As we enter the age of low cost, high accuracy next generation gene sequencing machines and computational biology, there will be an explosion of genitic data. This project seeks to implement a cost effective lossless compression / decompression scheme to operate on Illumina FASTQ files and be implemented on an FPGA for highly parallel operation.
In this repository there are two parts. The first part is the C Prototype of the project that can be run on any host machine. This allows for the development and testing of the design of the compression algorithm for its compression ratio and genearl functionality.
The second portion of this repository consists of the Verilog files that implement the prototype in HDL. This project was written for use with a Xilinx development board but the files in this repository are basic verilog that can be moved elsewhere.
The C prototype version can be used to see the functionality and compression ratio performance of the compression scheme. The goal of this project was to build a highly parallel system by utilzing an FPGA. This will obviously not be possible to do on a standard cpu. Therefore, while we can still examin the improvement in compression ratio, we will not see the speed improvement we would experience by implementing the scheme in hardware.
To get access to the C prototype, move from the main repository directory into the
C-Prototype directory. Either move your own fastq file or use the small profided one
test.fastq.
Compression:
./FastqUC -c <input file name> <output file name>
Decompression:
./FastqUC -d <input file name> <output file name>
To understand the compression operations it is important to understand the format of the fastq files. In a fastq file there are four line sets that continue to repeat until the end of the read. These lines are as follows.
- The name of the specific read.
- The gene sequence itself.
- a blank line that can be replaced with another copy of the name.
- The quality scores which represent the quality of the read.
An example of a fastq file can be seen below:
Two important things to notice when you are looking at a fastq file is that the data in each of the four repeated lines is very different than the data in the other three and that, for the most part, the data in like lines (every fourth line) are very similar to one and other. Therefore, we can immediately and drastically reduse the entropy of the file by seperating it into three files that consist of only like lines. So we go from our original fastq file to three seperate files.
The name file:
The gene file:
The read quality file:
These three files can then be fed to hardware compression blocks for seperate and parallel compression. There are only three files instead of four because we do not need to compress the blank / second name line.
When looking at the sequence identifier (name) file we can see that almost all of the information from line to line is the same. There are a few numbers that change, but for the most part all the information is repeated line after line. If you look at a large enough fastq file you will notice that some of the numbers that appear to be static actually do change after a megabyte of file. Other sections, like the ID of the sequencer used (first section) never change. There for the strategy that was developed to compress this ID file is to split the colon seperated segments of the ID into individual streams and apply a form of run length encoding to them.
In hardware the run length encoder will look like this:
As data is fed into the block it enters a four stage pipeline. While the data repeated the block will not write any data to the output and a counter will increment. When a change in the pipeline is detected, it enters into first stage where it triggers a reset to the counter. On the next stage the write signal is set and the value of the previous data and the counter before the reset is written to file.
While this method may not appear to be highly parallel due to its dependency on preivous data, this process can be taken up at any line in the file without knowledge of previous run lengths. Therefore, in hardware you can implement multiple blocks and multiple streams at seperate locations in the file to achieve highly parallel processing.
For the gene sequence itself we have elected to implement a very simple fixed length encoding scheme. This choice was selected for both its highly parallelizable nature and for the fact that by taking advantage of a coincidence if ASCII, it is a fairly elegant solution.
The ASCII values for gene letters are as follows:
A: 01000001
C: 01000011
G: 01000111
T: 01010100
Now lets look at only the second and first bits:
A[2:1]: 00
C[2:1]: 01
G[2:1]: 11
T[2:1]: 10
As we can see, we have a different encoding for each of the letters just by pulling the second and first bits.
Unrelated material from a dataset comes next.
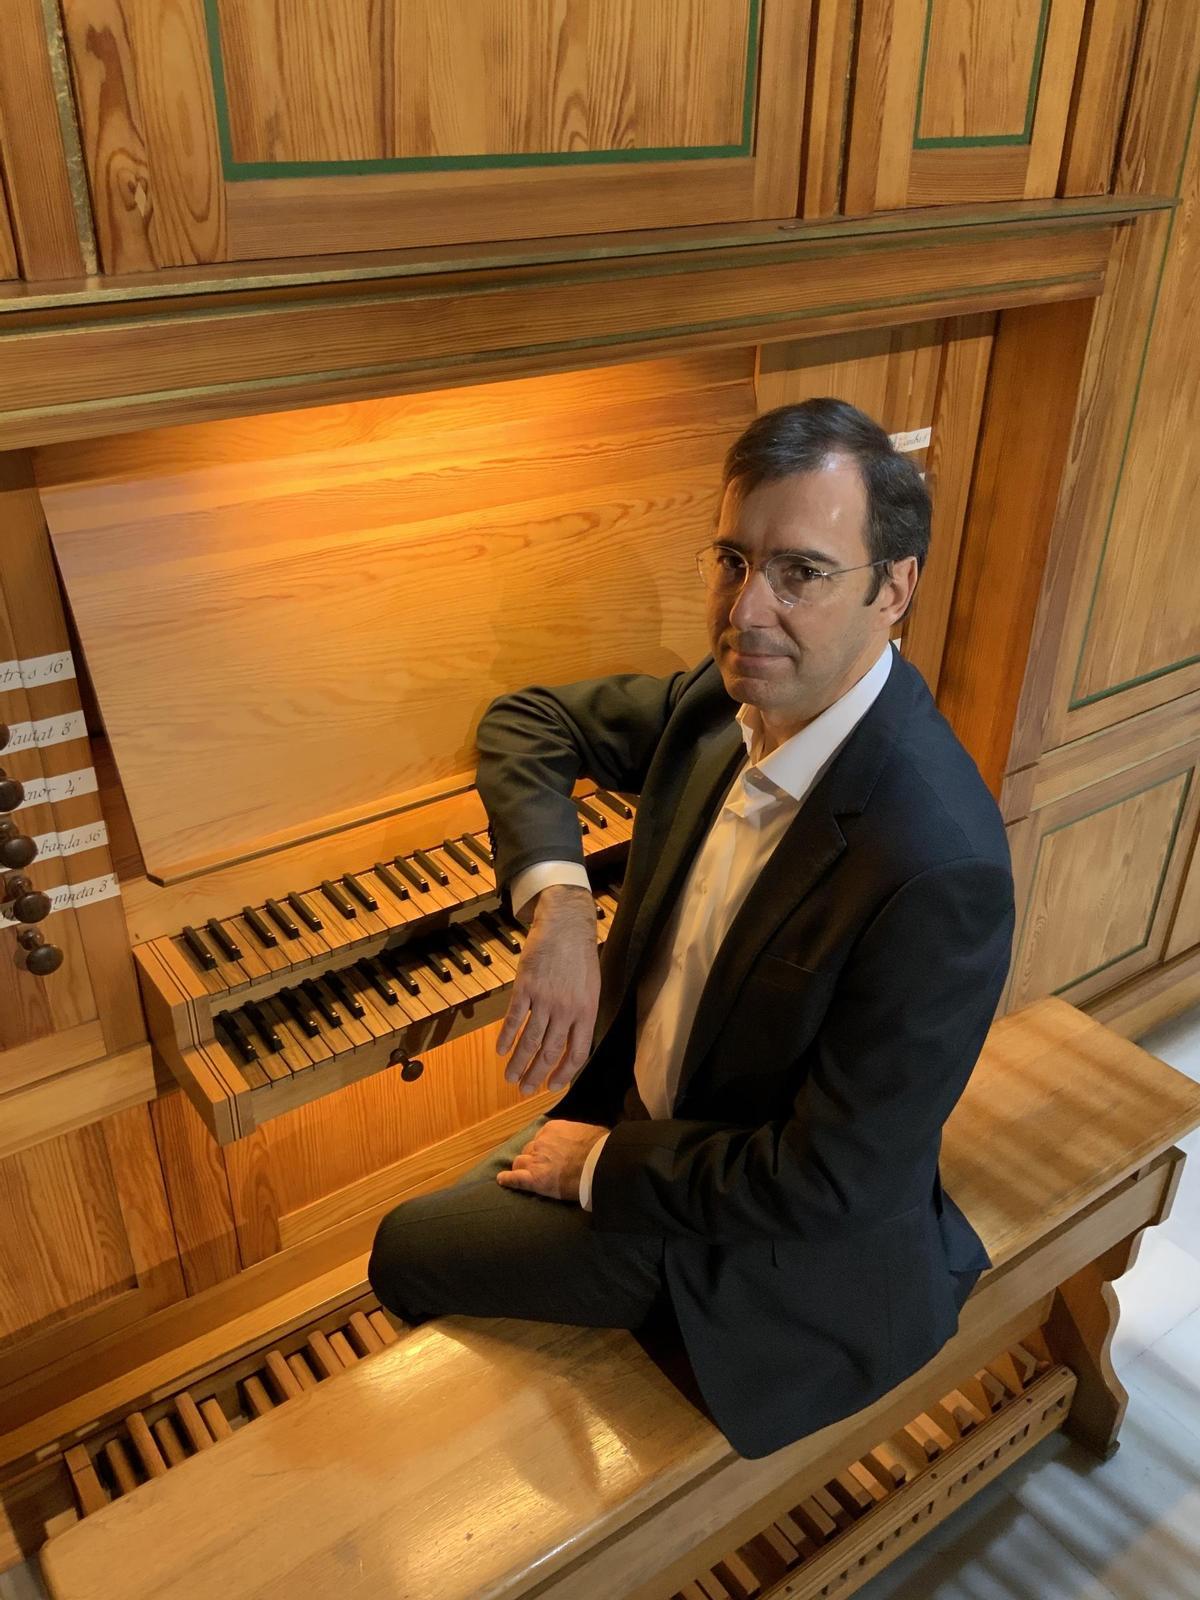 Josep Vicent Giner es organista y clavecinista con una importante trayectoria internacional.

This makes hardware implementation very simple:
As long as the number of sequence reads is divisible by four (which Illumina sequences are) then you can string these blocks one after another until an entire line is compressed in a single clk. from there you can add those blocks for different file streams the same way as was designed for in the sequence name compression section.
For the moment read quality scores are being gziped on the client. We hope to design a more effective way to compress this data soon.
The sequence name decompressor takes the compressed file fields with the counters attached and outputs the data until the counter runs to zero. The write bit is always set. when the counter runs to zero then a flop takes place and allows the next entry from memory to enter the write output register.
The two bit encodings are fed into a block that builds the byte. The logic of this block is as follows:
There is a write back to file after each clock cycle.
Once the files have been decompressed back into there seperated three data types, a bash script is run to reshuffle them into the proper fastq format.